Claro que, apesar do não peremptório de Isabella, Clarissa e Mimi a convencerão a aceitar o premiado chef Matthew na cozinha da confeitaria.

E a confeitará abrirá com o nome de “Love Sarah” – a forma abreviada de With Love, Sarah.

Nem comédia, nem drama. Um filme do subgênero “Comida”

O IMDb classificou Love Sarah como “comédia, drama, romance”. O AllMovie, como “comédia, romance, drama”, subgêneros “comédia romântica, drama romântico”.

Interessante. Na minha opinião, Love Sarah é um filme leve, suave, doce, e até tem uma ou outra piadinha – como, por exemplo, esta aqui:

Mimi e Felix (Bill Paterson), o senhorzinho que mora perto da confeitaria e se encanta pela mãe de Sarah, chegam perto da casa dela, vindos da ópera. Ela oferece um café. Ele diz que só descafeinado, ou então ficaria a noite inteira acordado. Mimi dá um sorrisinho safado e diz: – “Sorte minha!”

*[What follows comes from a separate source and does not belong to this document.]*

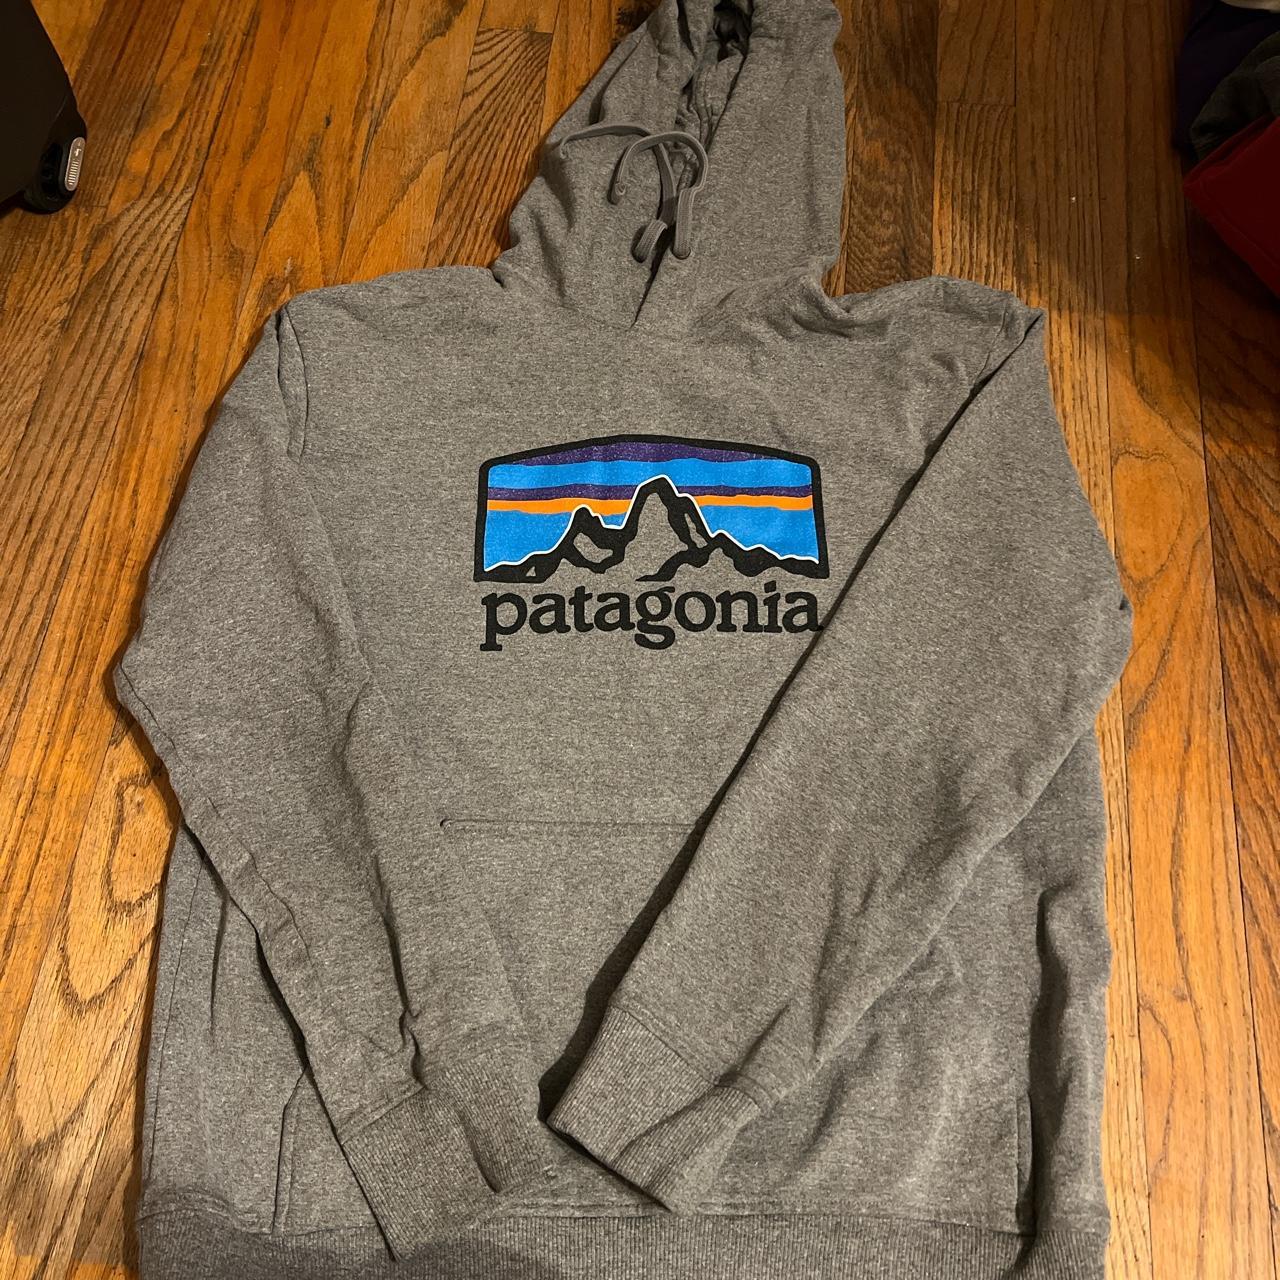 Men's Patagonia Hoodie. No stains or tears. Lots of - Depop

Sim, uma ou outra piadinha, de vez em quando – mas, diabo, comédia, o filme não é, de forma alguma. Na minha opinião, é claro.

Também não chega propriamente a ser um drama… Apesar de abrir com a morte em um acidente de uma mulher muito talentosa e ainda jovem, e com a garota filha dela perdendo também o namorado e o teto, o filme demonstra, desde sempre, que, no final, a tal confeitaria vai dar certo.

Acho que o subgênero mais apropriado para Love Sarah é um que eu uso aqui neste + de 50 Anos de Filmes: “Comida”.

Filmes sobre e para gente que adora comida, sobre e para gourmets, têm sido cada vez mais comuns. Basta checar na tag “Comida”. Lá estão alguns belos exemplares, como

A Festa de Babette (1987), talvez o mais elegante e refinado de todos, do dinamarquês Gabriel Axel;

A 100 Passos de um Sonho (2014), do sueco Lasse Halstrôm;

Chef (2014), do norte-americano Jon Favreau;

Os Sabores do Palácio (2012), do francês Christian Vincent;

Bon Appétit (2010), do espanhol David Pinillos;

Soul Kitchen (2009), do alemão de origem turca Fatih Akin;

Julie & Julia (2009), da norte-americana Nora Ephron;

Almoço em Agosto (2008), do italiano Gianni Di Gregorio;

Simplesmente Martha (2001), da alemã Sandra Nettelbeck, e sua refilmagem americana, Sem Reservas (2007), de Scott Hicks;

O Tempero da Vida (2003), do grego Tassos Boulmetis.

Pelas nacionalidades dos diretores, dá para ver perfeitamente que o subgênero “Comida” é apreciado em todas as partes do mundo…

Anotação em setembro de 2023

Uma Confeitaria para Sarah/Love Sarah

De Eliza Schroeder, Reino Unido, 2020

Com Celia Imrie (Mimi, a mãe de Sarah),

Shelley Conn (Isabella, a grande amiga e sócia de Sarah),

Shannon Tarbet (Clarissa, a filha de Sarah),

Rupert Penry-Jones (Mathew, o chef ex-namorado de Sarah),

Bill Paterson (Felix, o vizinho da confeitaria), Lucy Fleming (Olga, amiga de Mimi), Rose Alice (a instrutora de dança), Max Parker (Alex), Andrew David (Clive), Candice Brown (Sarah)

Roteiro Jake Brunger

História Jake Brunger, Mahalia Rimmer, Eliza Schroeder

Fotografia Aaron Reid   

Música Enis Rotthoff    

Montagem Jim Hampton , Laura Morrod    

Casting Shakyra Dowling       

Desenho de produção Anna Papa

Figurinos Jeffrey Michael

Produção Rajita Shah, Miraj Films, Neopol Film, Rainstar Productions

Cor, 97 min (1h37)

***

2 Comentários para “Uma Confeitaria para Sarah / Love Sarah”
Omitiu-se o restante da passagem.